- Information supplied:
☆ ☆ ☆ ☆ ☆ ☆ ☆
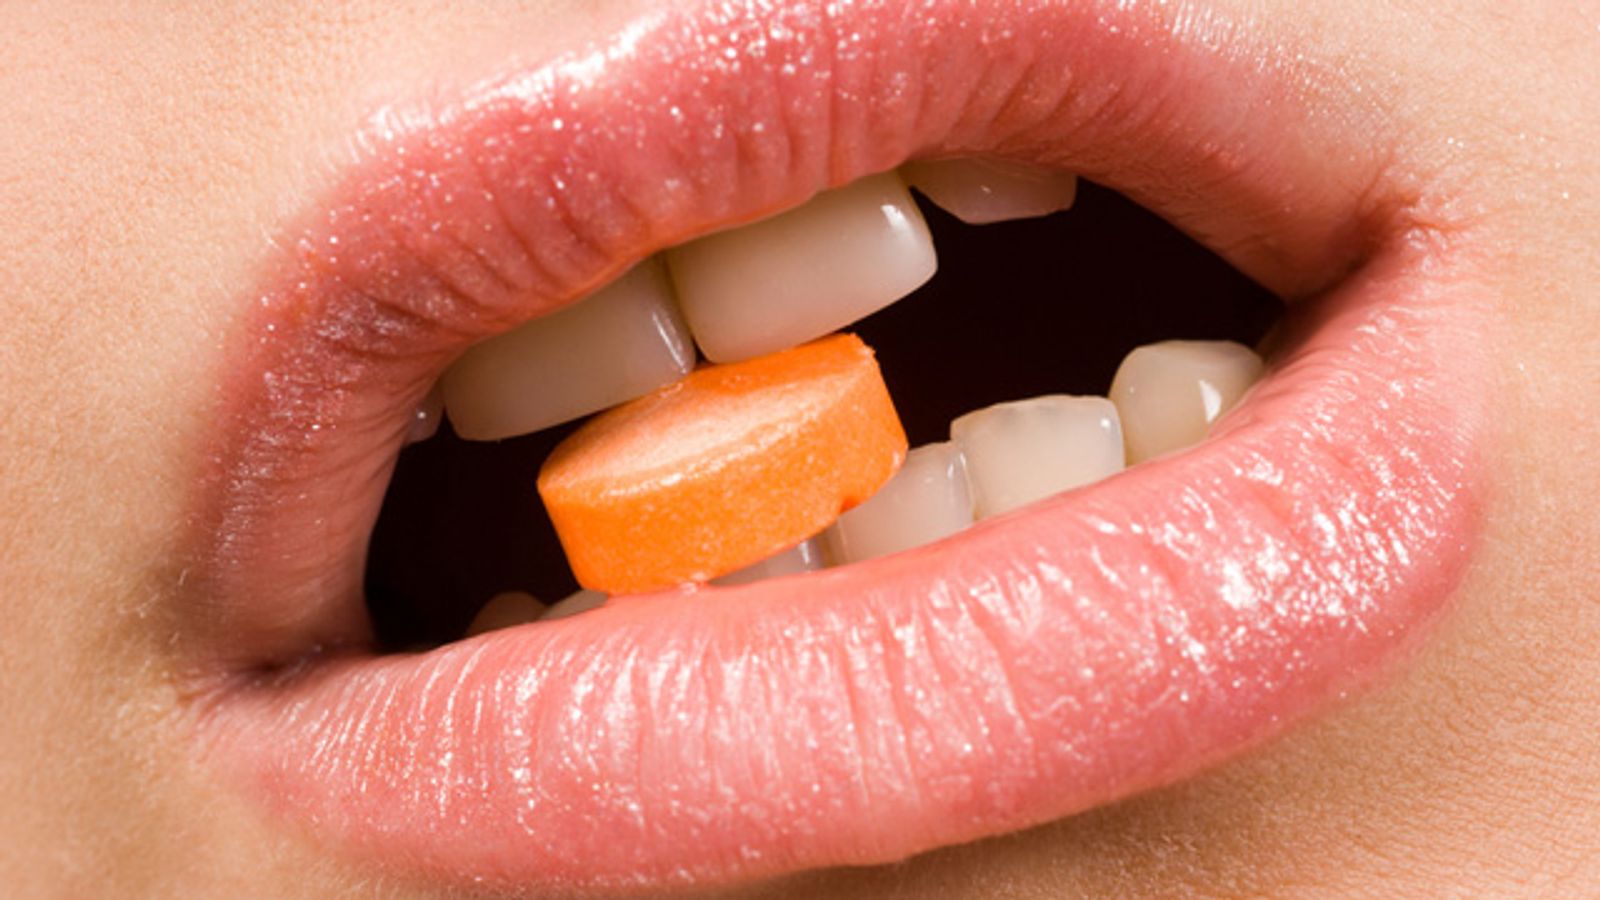 Test Results Are Promising for ‘Female Viagra’ Drug
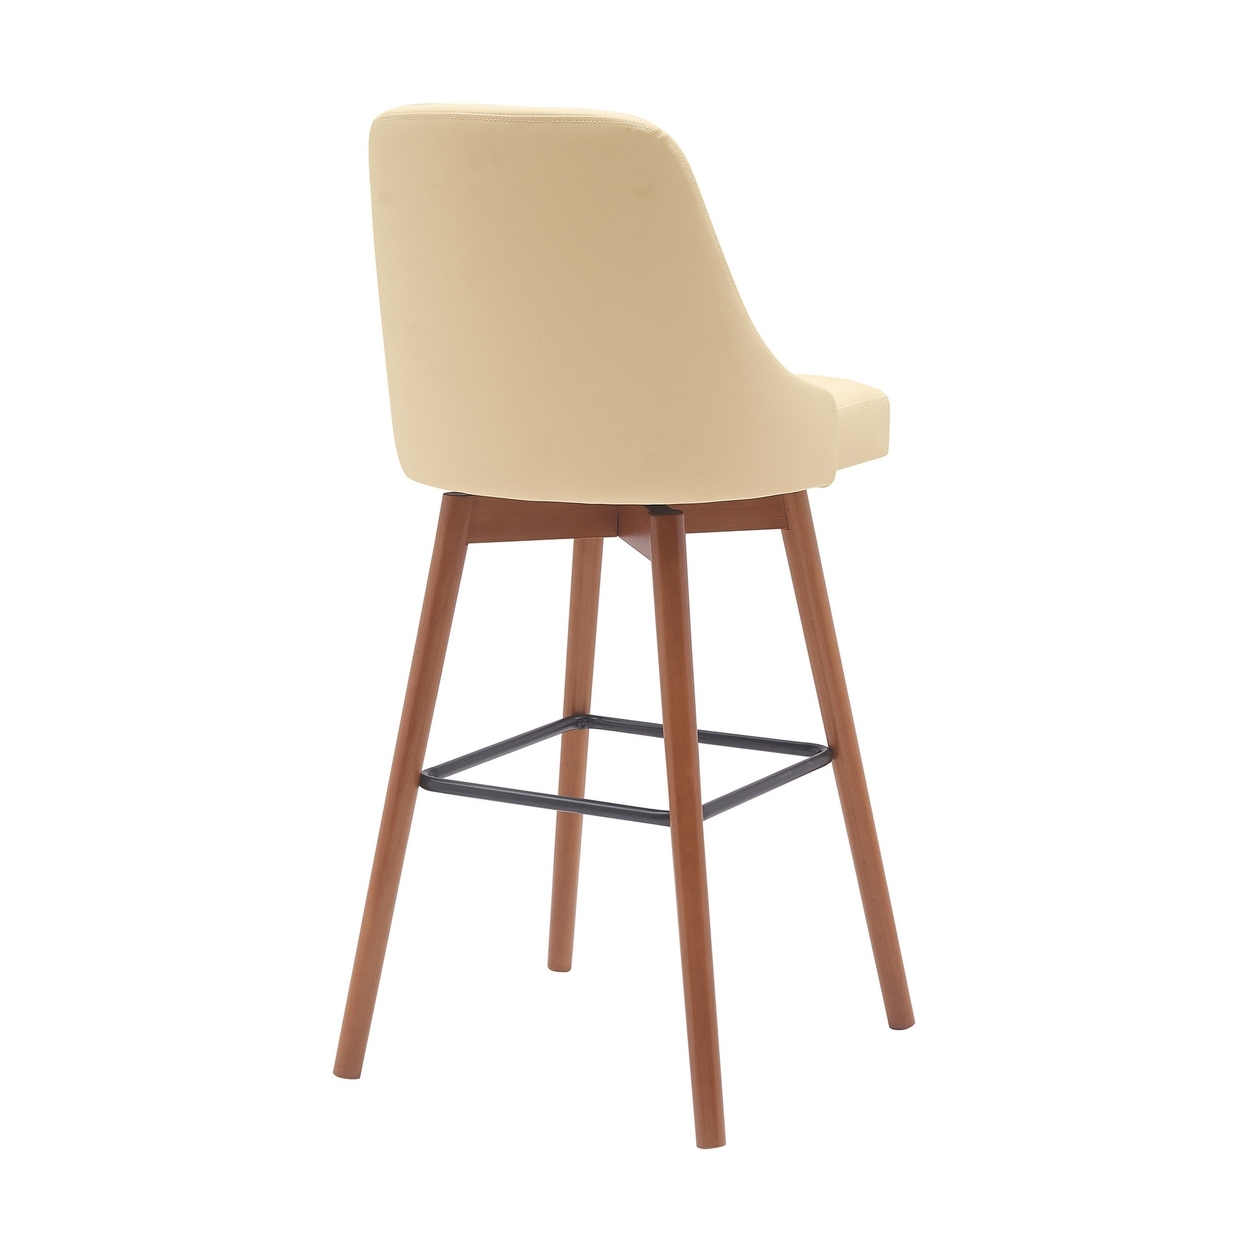 Sean 30 Inch Barstool Chair, Swivel Parson, Cream Faux Leather Walnut Brown - Saltoro Sherpi
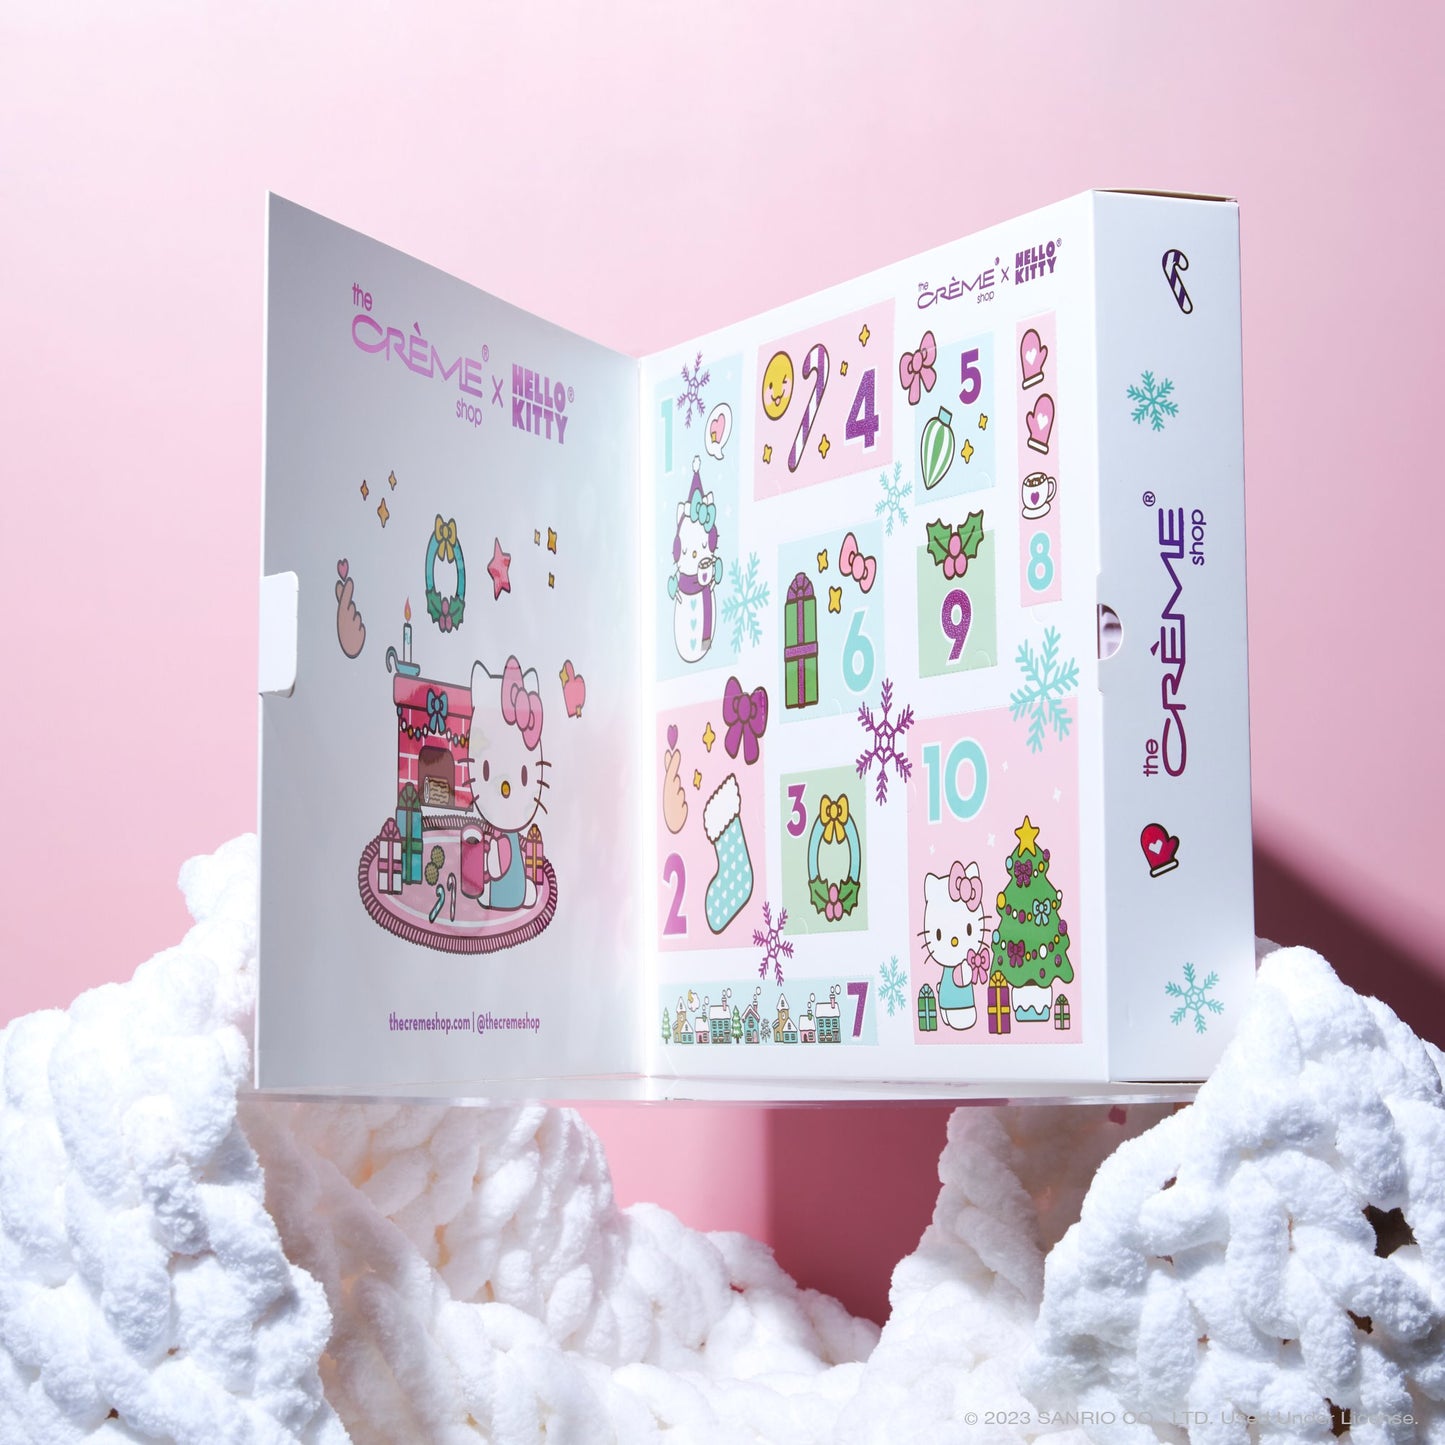 The Crème Shop x Hello Kitty – 10 Days of Supercute Beauty Bundles The Crème Shop x Sanrio
☆ ☆ ☆ ☆ ☆ ☆ ☆
Your answer must be only the lines from the one that holds "Sean 30 Inch" to the end of the listing, each restated word for word, with both ends kept and pictures left out.

 Sean 30 Inch Barstool Chair, Swivel Parson, Cream Faux Leather Walnut Brown - Saltoro Sherpi
 The Crème Shop x Hello Kitty – 10 Days of Supercute Beauty Bundles The Crème Shop x Sanrio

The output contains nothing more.